» Your objective
I'd like the data beneath this line reproduced exactly, without any of its images.

» Provided material
------------------------------------------------------------------------
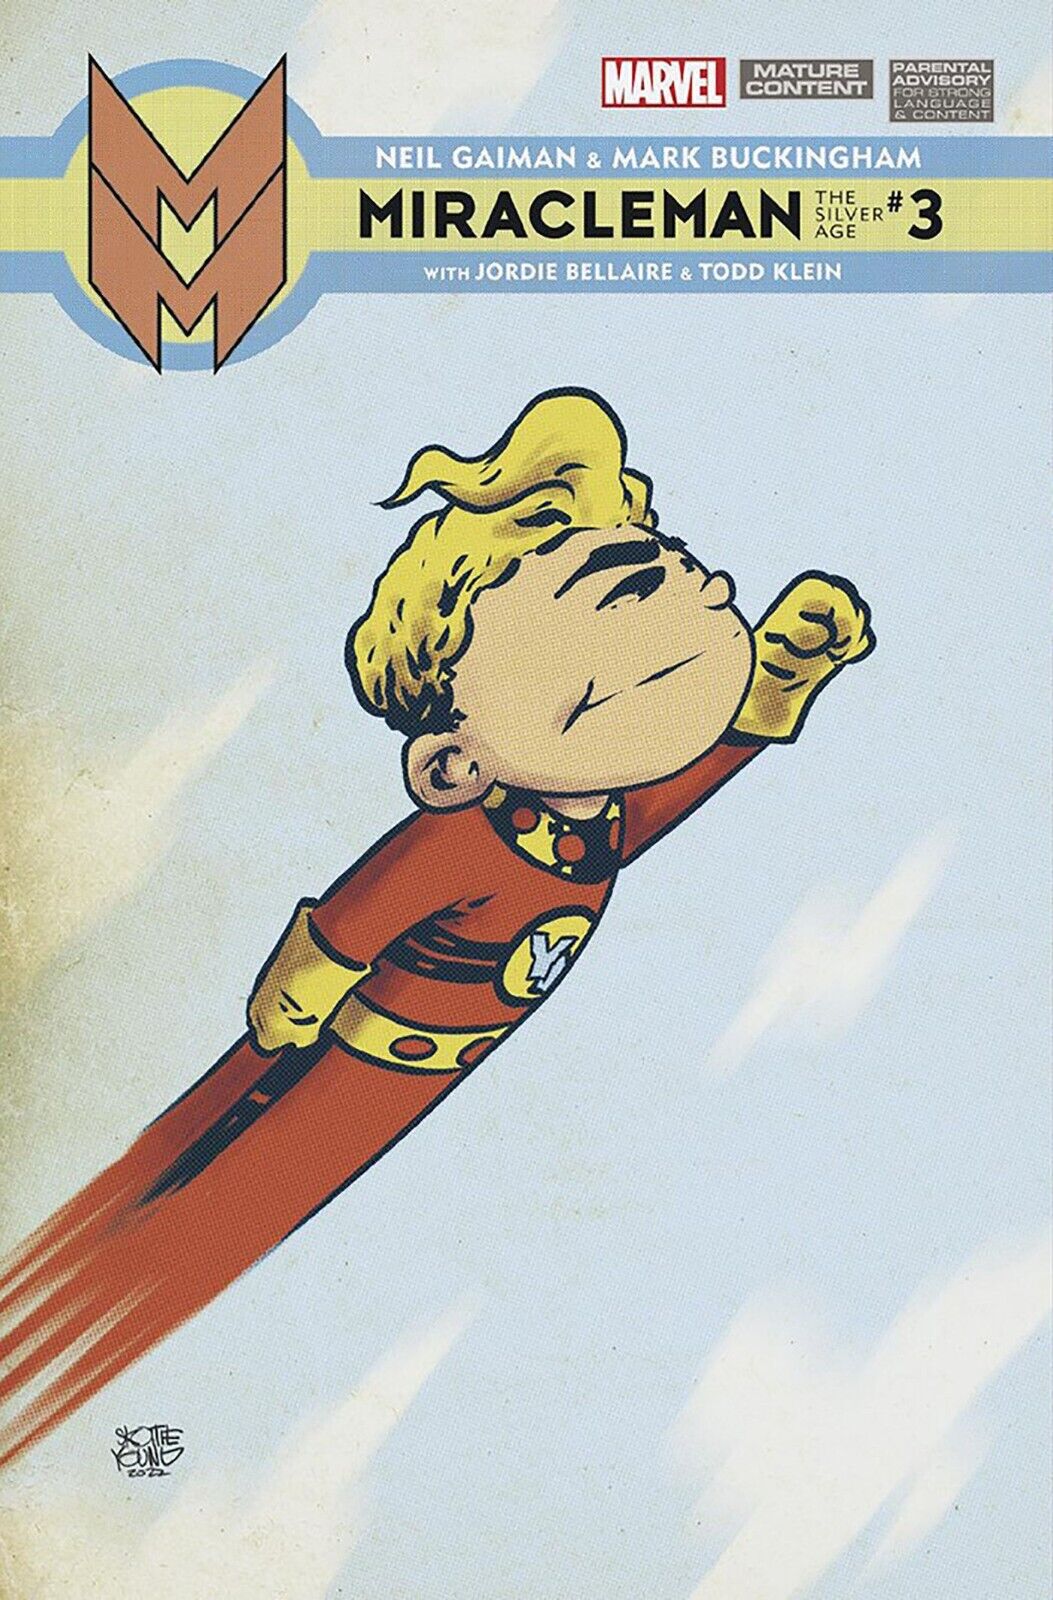 MIRACLEMAN: THE SILVER AGE #3 (SKOTTIE YOUNG VARIANT)(NEIL GAIMAN) ~ Marvel
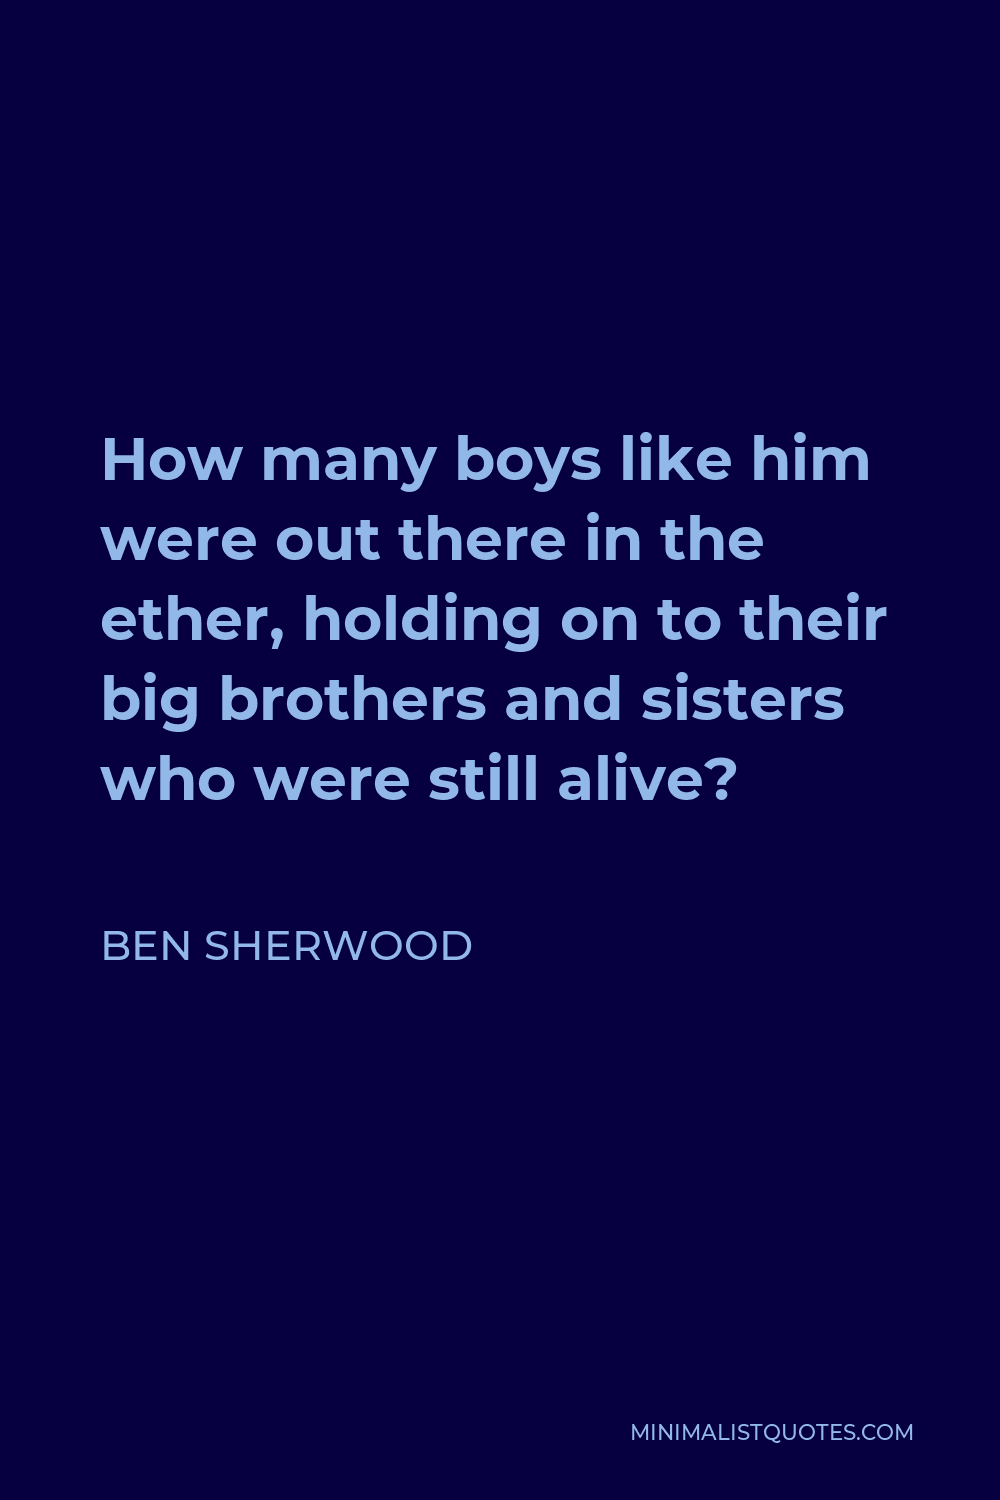 Ben Sherwood Quote - How many boys like him were out there in the ether, holding on to their big brothers and sisters who were still alive?
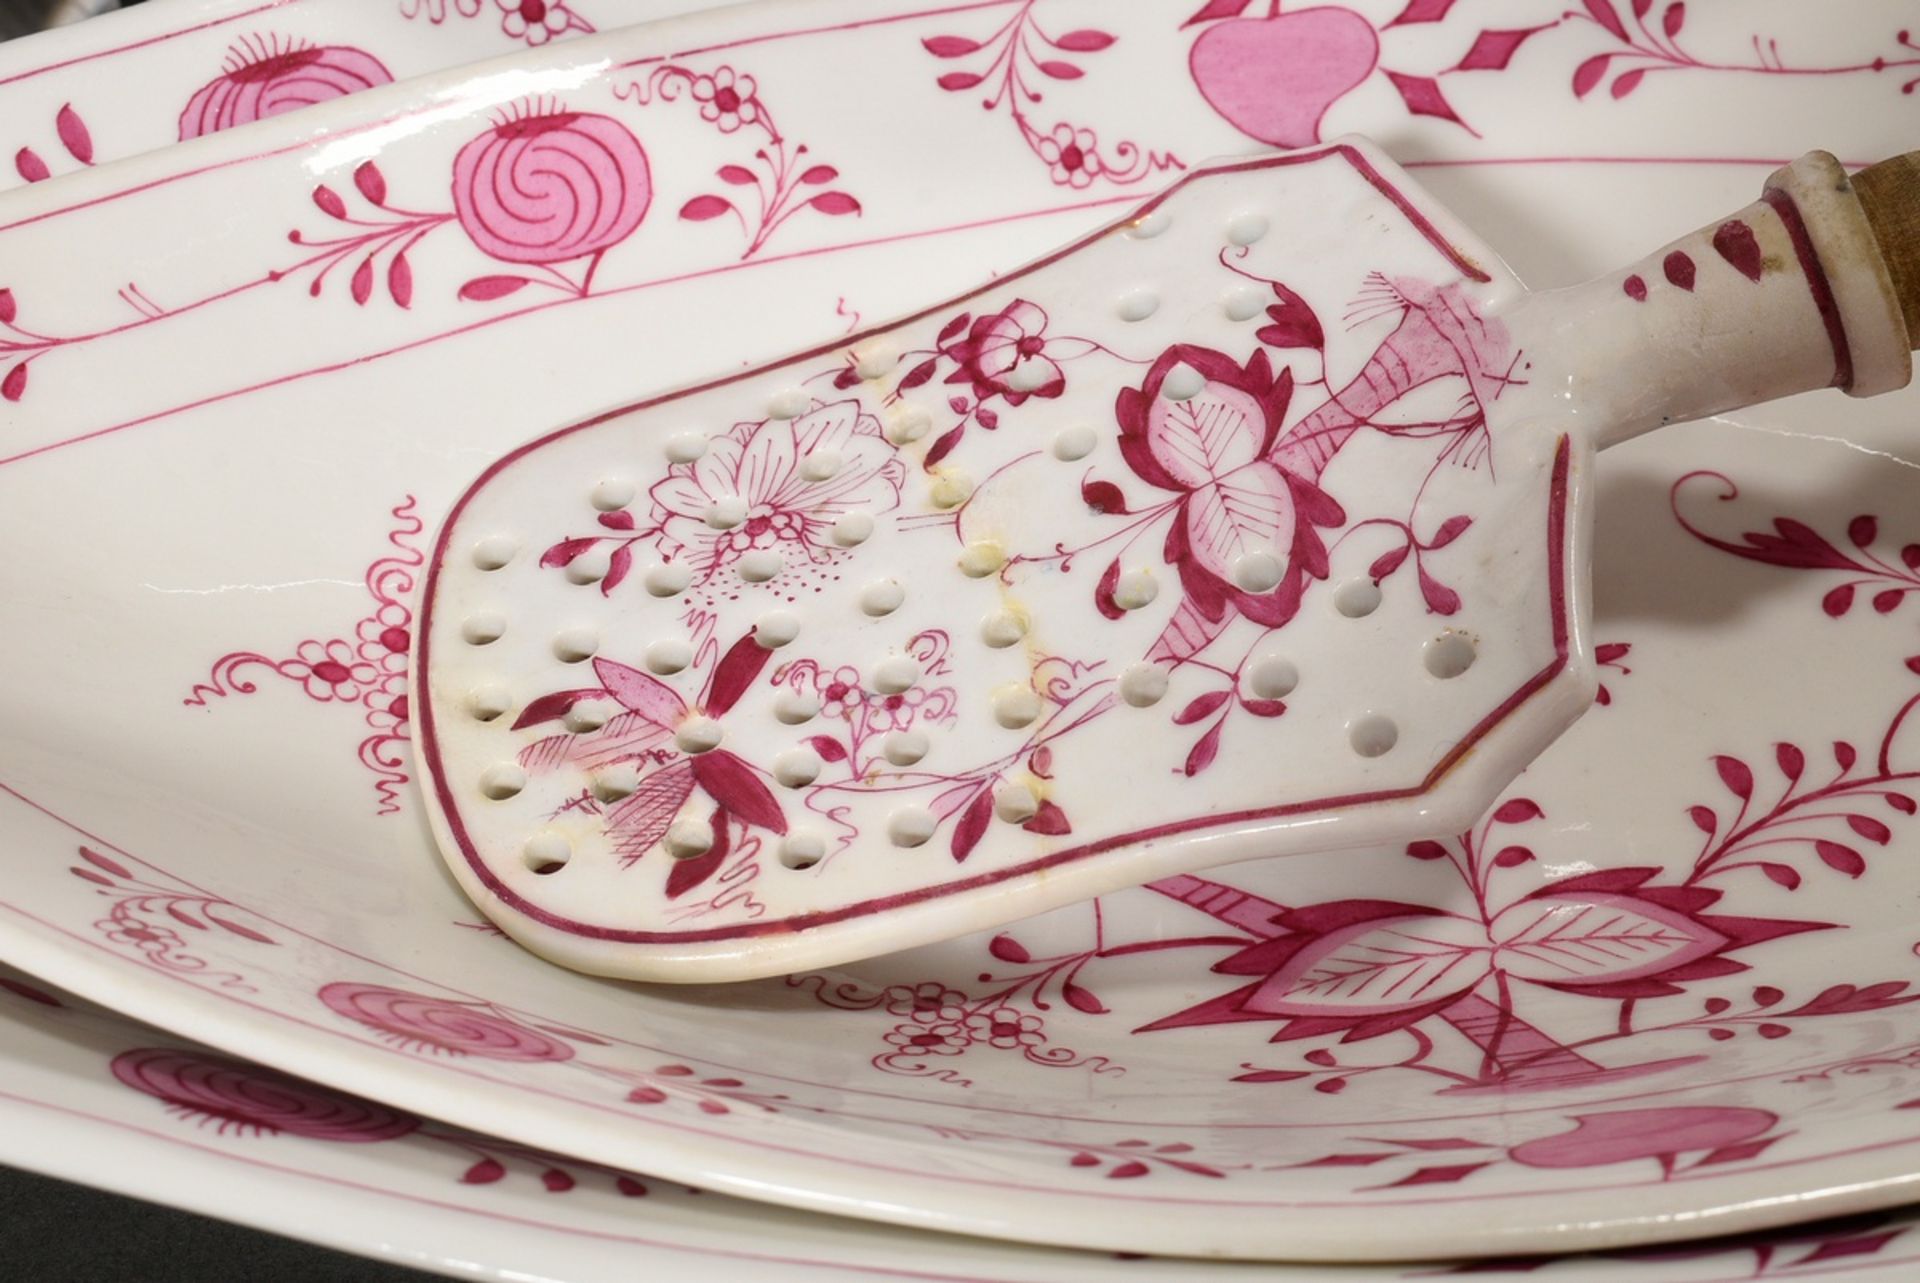 65 Pieces rare Meissen dinner service "Zwiebelmuster Pink", custom made around 1900, consisting of: - Image 14 of 27
------------------------------------------------------------------------
» Reply
 MIRACLEMAN: THE SILVER AGE #3 (SKOTTIE YOUNG VARIANT)(NEIL GAIMAN) ~ Marvel
 Ben Sherwood Quote - How many boys like him were out there in the ether, holding on to their big brothers and sisters who were still alive?
 65 Pieces rare Meissen dinner service "Zwiebelmuster Pink", custom made around 1900, consisting of: - Image 14 of 27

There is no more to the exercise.